Вчера еще раз попробовал всевозможные французские горячительные напитки, правда, они стали менее крепкими, но до чего же приятно: стоит только заказать, как тотчас получаешь все, что тебе нравится, – все ликеры, вот только, к сожалению, очень мало вин; в кафе, или estaminets[63]63
Маленькие, почти домашние, кафе и закусочные в Бельгии и на севере Франции.
[Закрыть], как их тут называют, хозяева не очень церемонятся; зал для посетителей одновременно служит и семейной столовой; дети приходят сюда прямо с улицы, получают бутерброд, да еще тайком залезают в масленку, затевают тут потасовки, делают уроки и приводят с собой друзей; все это необычайно естественно и очень умиляет; поэтому до боли стыдно, что нас всегда, всегда заставляют только воевать, на нас всегда только униформа… […]

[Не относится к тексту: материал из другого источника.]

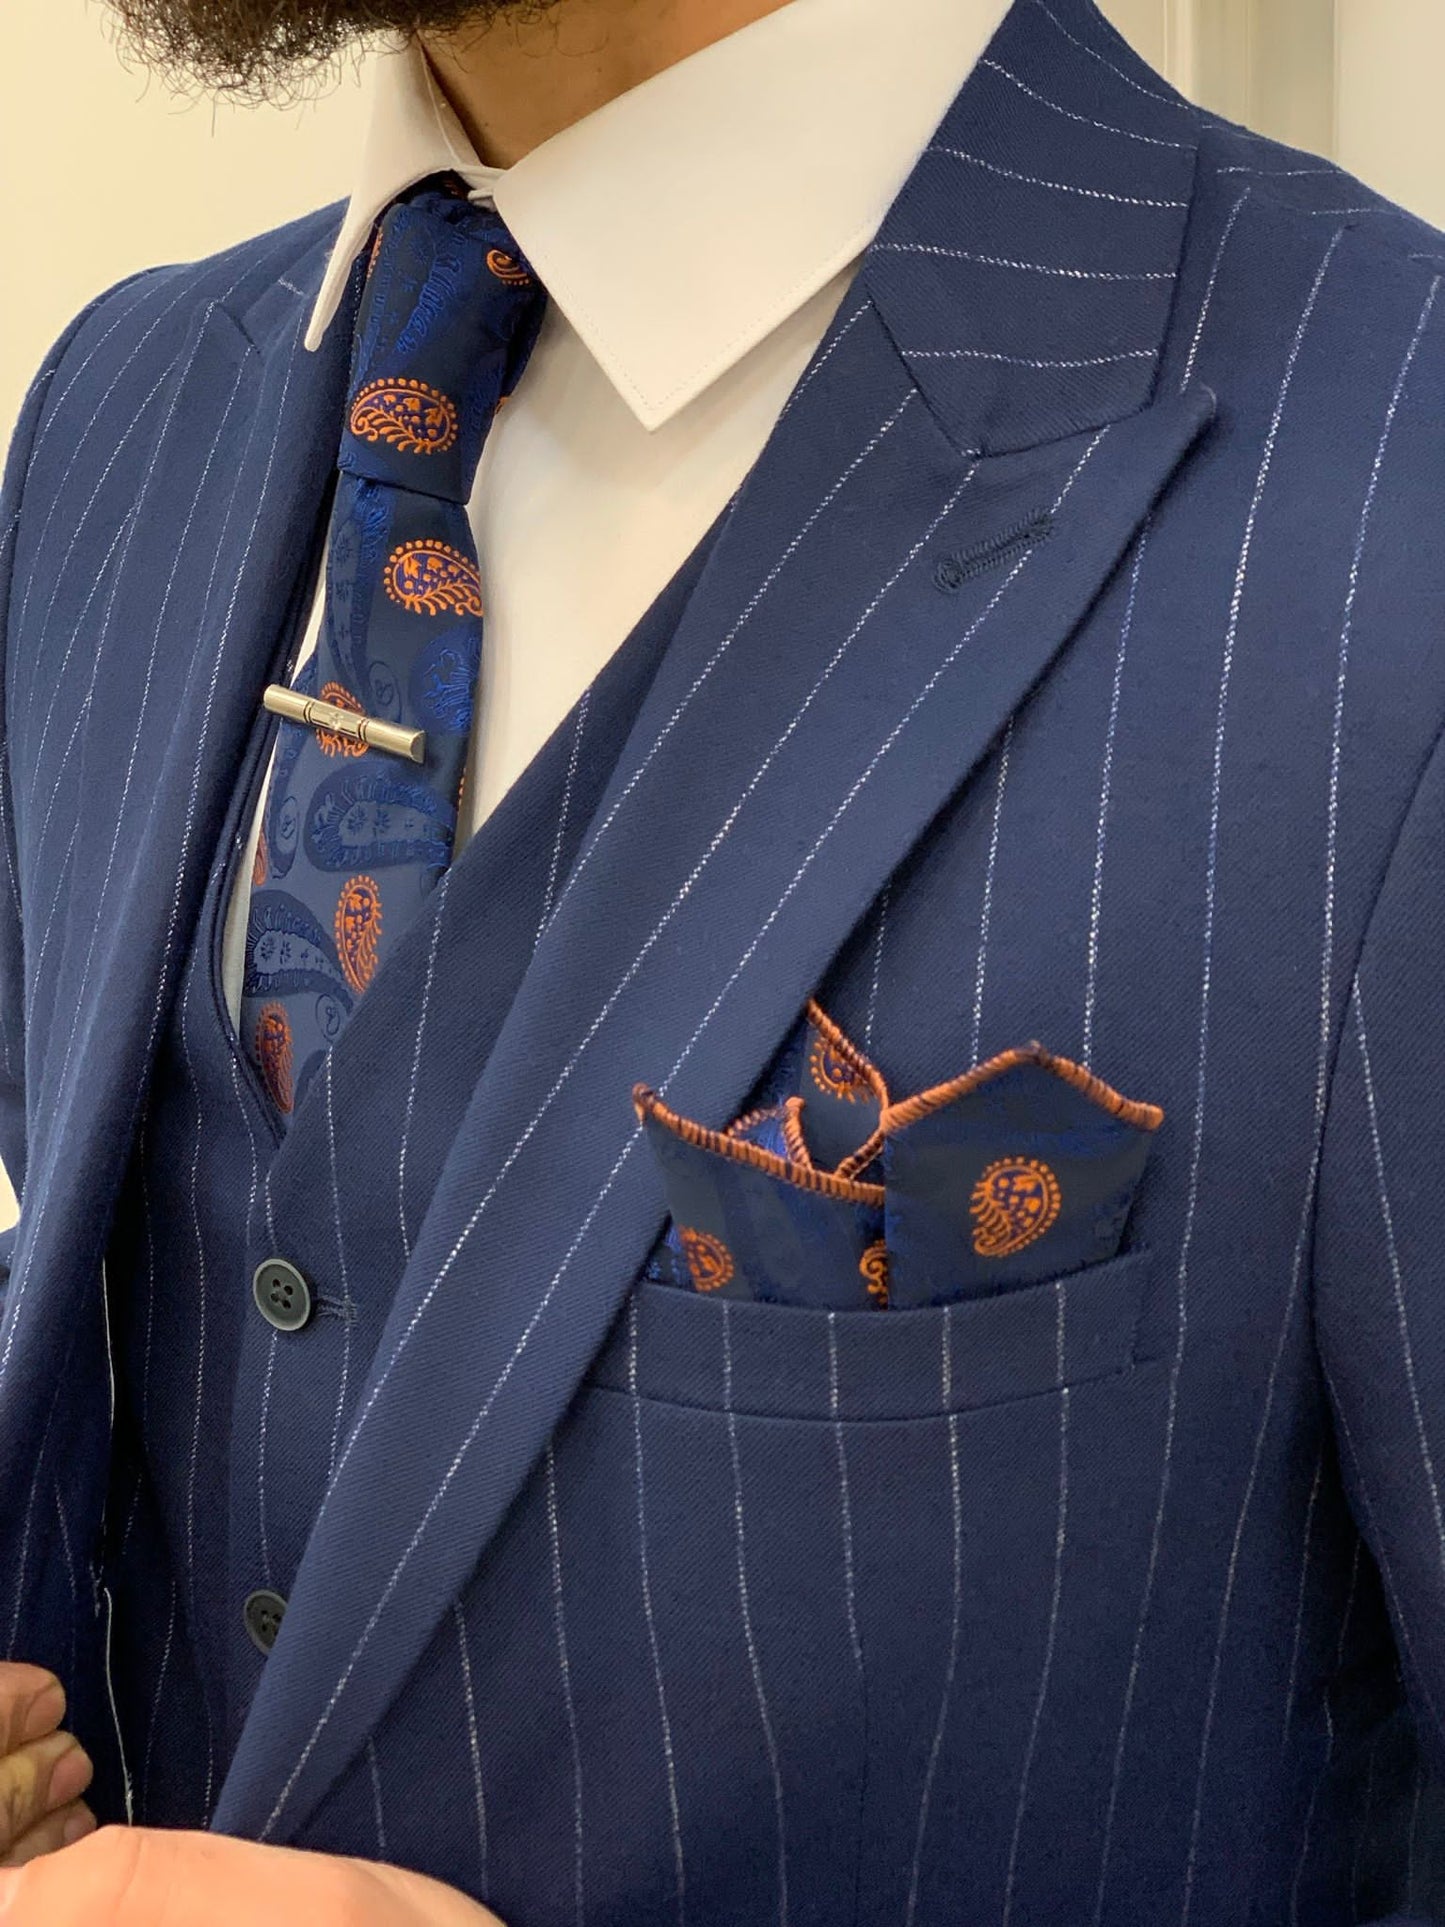 Lagos Blue Slim Fit Peak Lapel Pinstripe Suit

Как же несбыточно далеко то время, когда однажды нам позволят жить…
[…]
* * *
Западный фронт, 17 мая 1942 г.
[…]
Еще вчера вечером я так радовался, намереваясь провести несколько часов в одной тихой кофейне за письмом к тебе, но все вышло иначе. Поначалу я стал писать домой, потом пошел поесть, а когда собрался было опять уйти, чтобы заняться письмом к тебе, за мной зашли и потащили на пьянку постоянного состава, от чего я просто не имею права отказаться. Попойка продолжалась до двух часов ночи, поистине варварское, сумасшедшее пьянство, но все дело в том, что из-за этого я сегодня совершенно разбитый, именно в воскресенье, которому заранее так радовался. Как всегда по воскресеньям я до трех дежурил, а потом улегся на боковую, чтобы проспаться после пьянки…
Моя личная жизнь, ты и мои родные, которых я тоже очень люблю, все это часто куда-то исчезает, и я об этом даже не вспоминаю, я как во сне; очень странное состояние, я становлюсь тогда ефрейтором Бёллем, командиром отделения, с некоторой долей садизма, полный отвращения, глубокой ненависти к войне, не счастливый, однако и не столь глубоко несчастный, полный своеобразного цинизма; и этот Бёлль командует отделением.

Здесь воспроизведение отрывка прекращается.